Borecký J, Maia I G, Costa A D, Jezek P, Chaimovich H, de Andrade P B, Vercesi A E, Arruda P
Department of Membrane Transport Biophysics, Institute of Physiology, Academy of Sciences of the Czech Republic, Prague, Czech Republic.
FEBS Lett. 2001 Sep 14;505(2):240-4. doi: 10.1016/s0014-5793(01)02835-6.

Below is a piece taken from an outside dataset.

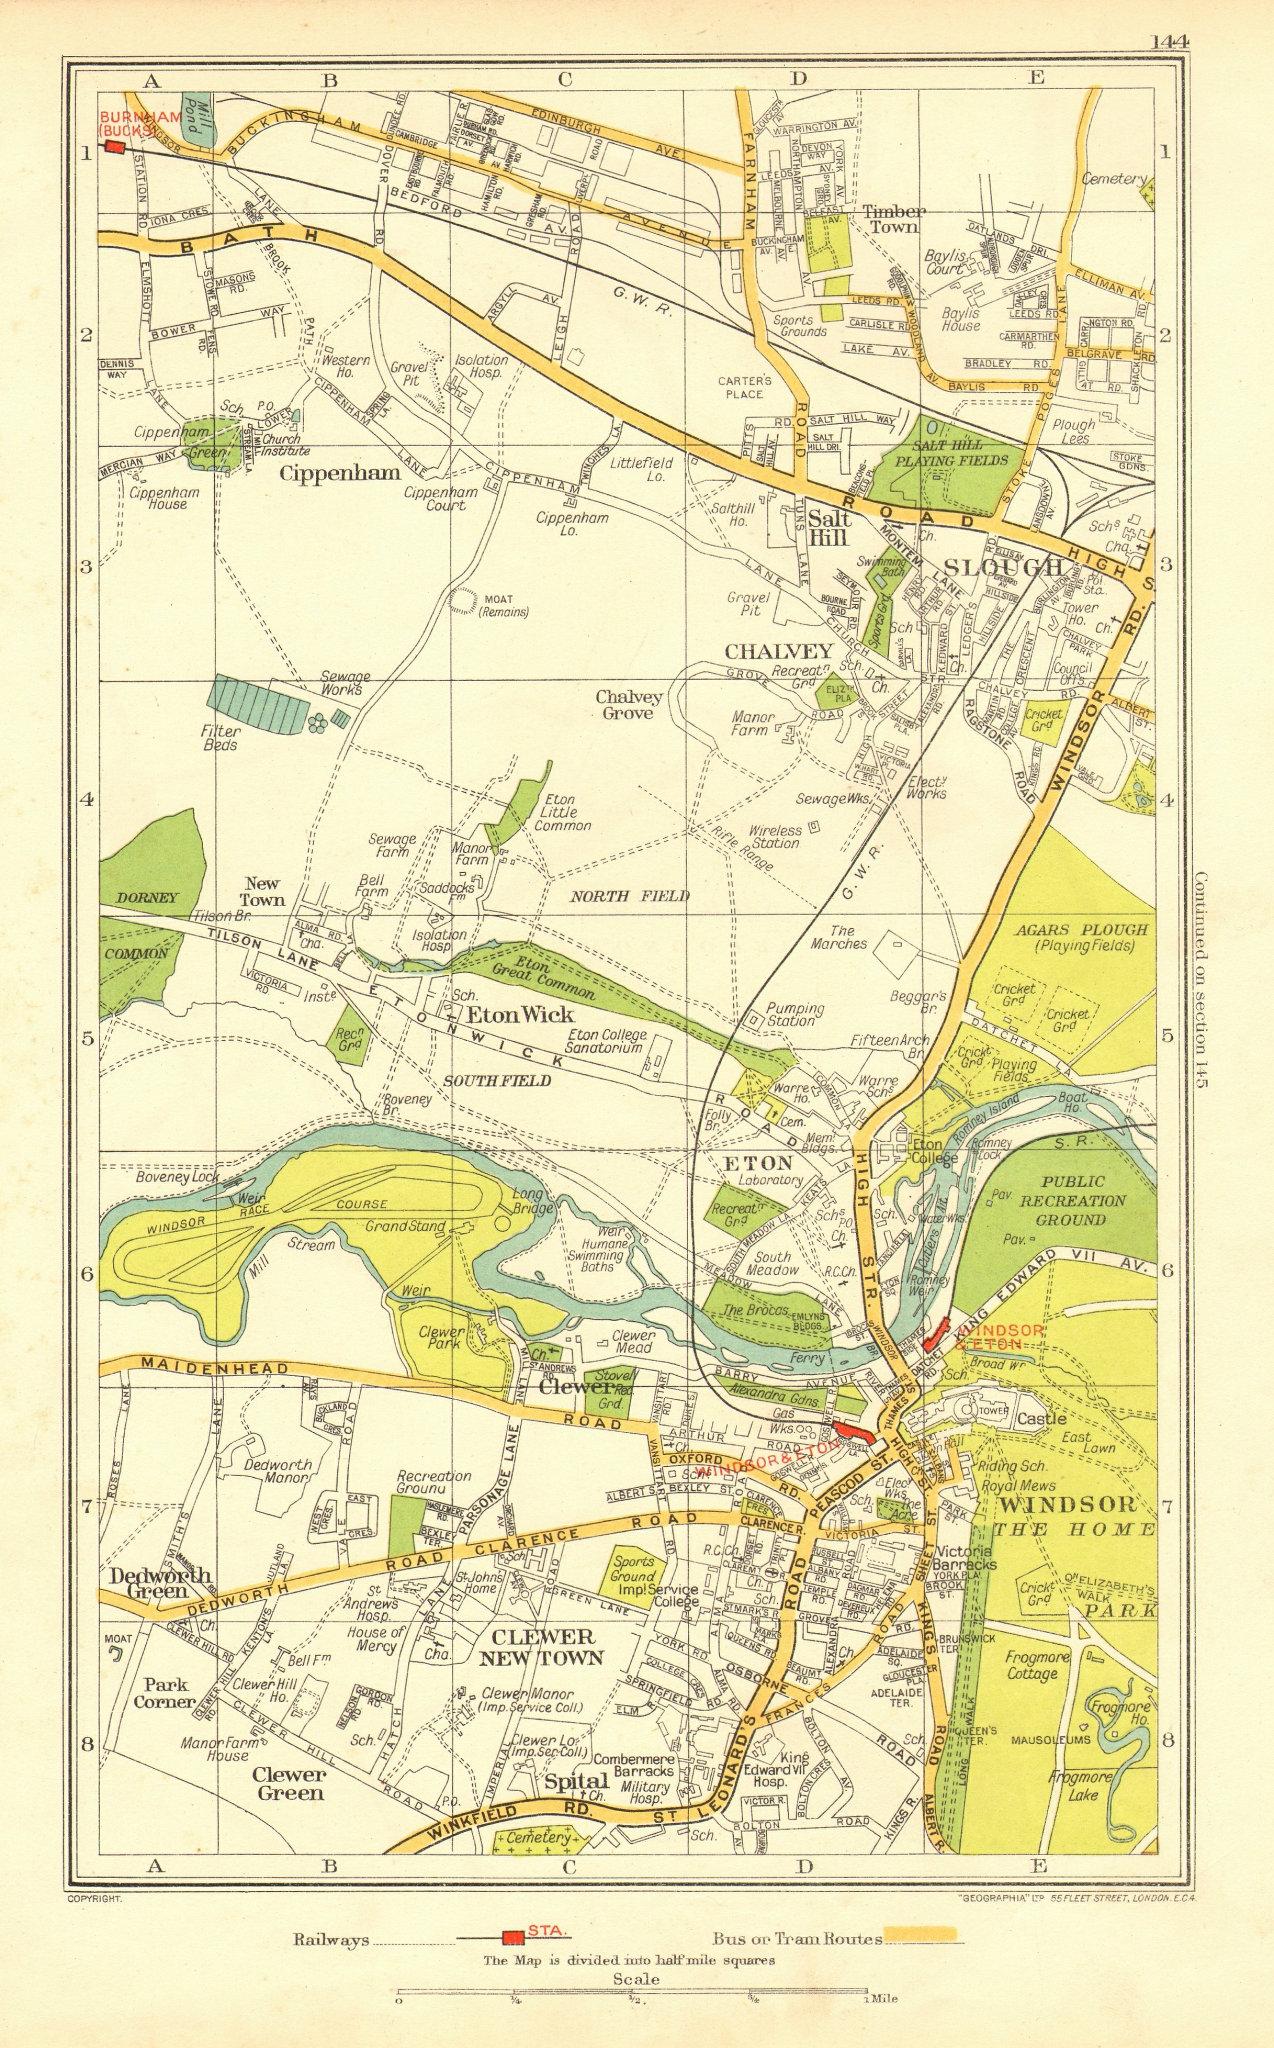 Associate Product WINDSOR ETON SLOUGH. Clewer Dedworth Chalvey Cippenham Eton Wick 1937 old map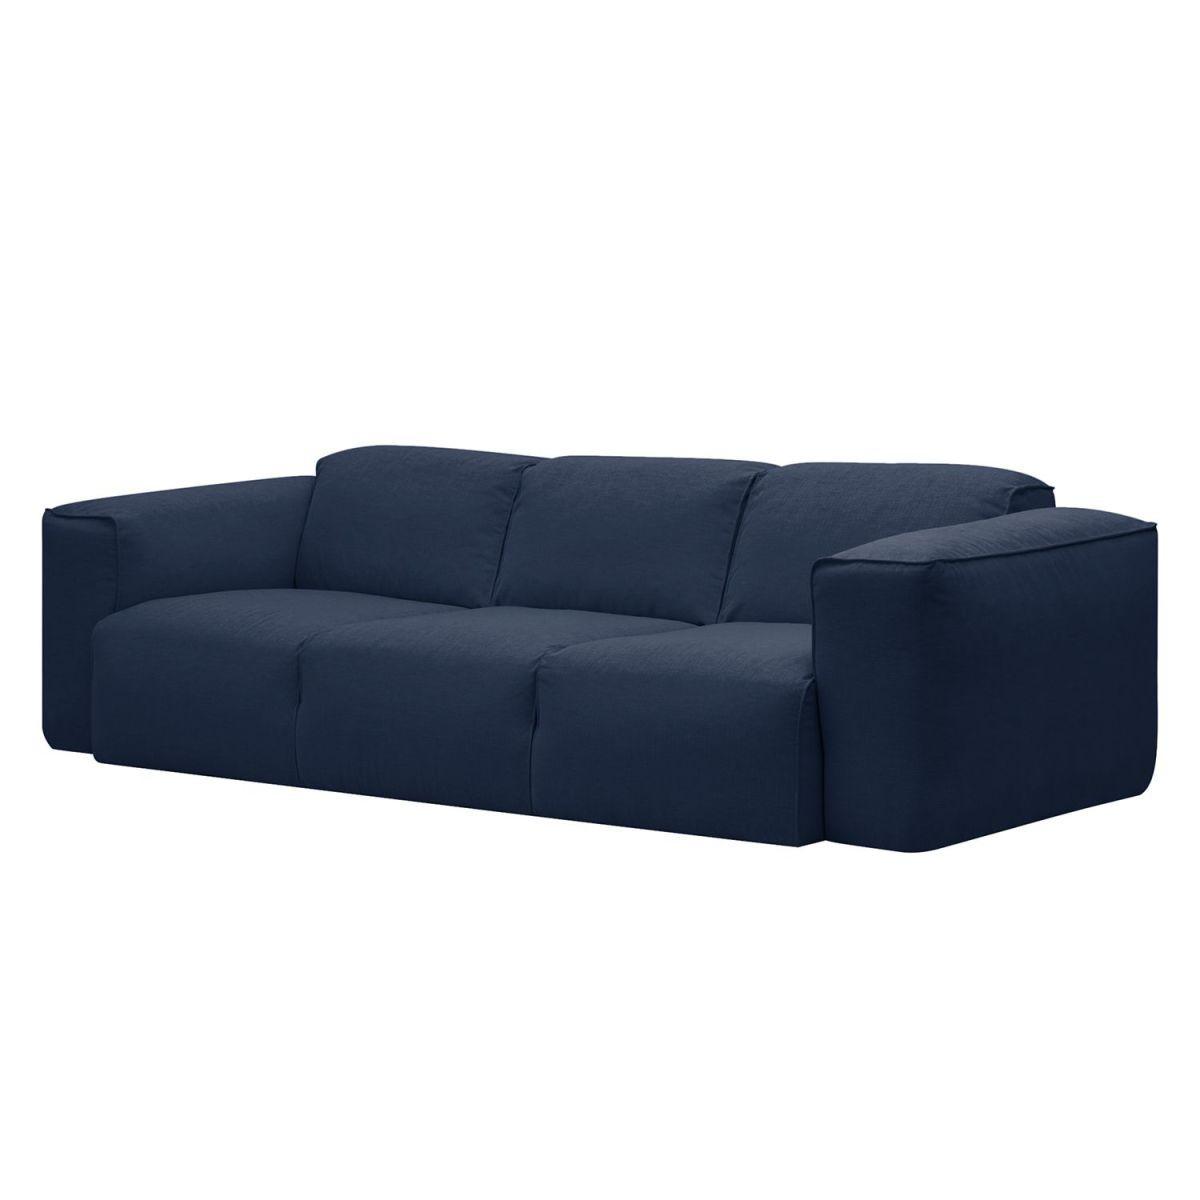 Quelle Sofa sofa hudson i 3 sitzer webstoff stoff milan dunkelblau jetzt

The Arabidopsis thaliana uncoupling protein (UCP) gene was expressed in Escherichia coli and isolated protein reconstituted into liposomes. Linoleic acid-induced H+ fluxes were sensitive to purine nucleotide inhibition with an apparent K(i) (in mM) of 0.8 (GDP), 0.85 (ATP), 0.98 (GTP), and 1.41 (ADP); the inhibition was pH-dependent. Kinetics of AtPUMP1-mediated H+ fluxes were determined for lauric, myristic, palmitic, oleic, linoleic, and linolenic acids. Properties of recombinant AtPUMP1 indicate that it represents a plant counterpart of animal UCP2 or UCP3. This work brings the functional and genetic approaches together for the first time, providing strong support that AtPUMP1 is truly an UCP.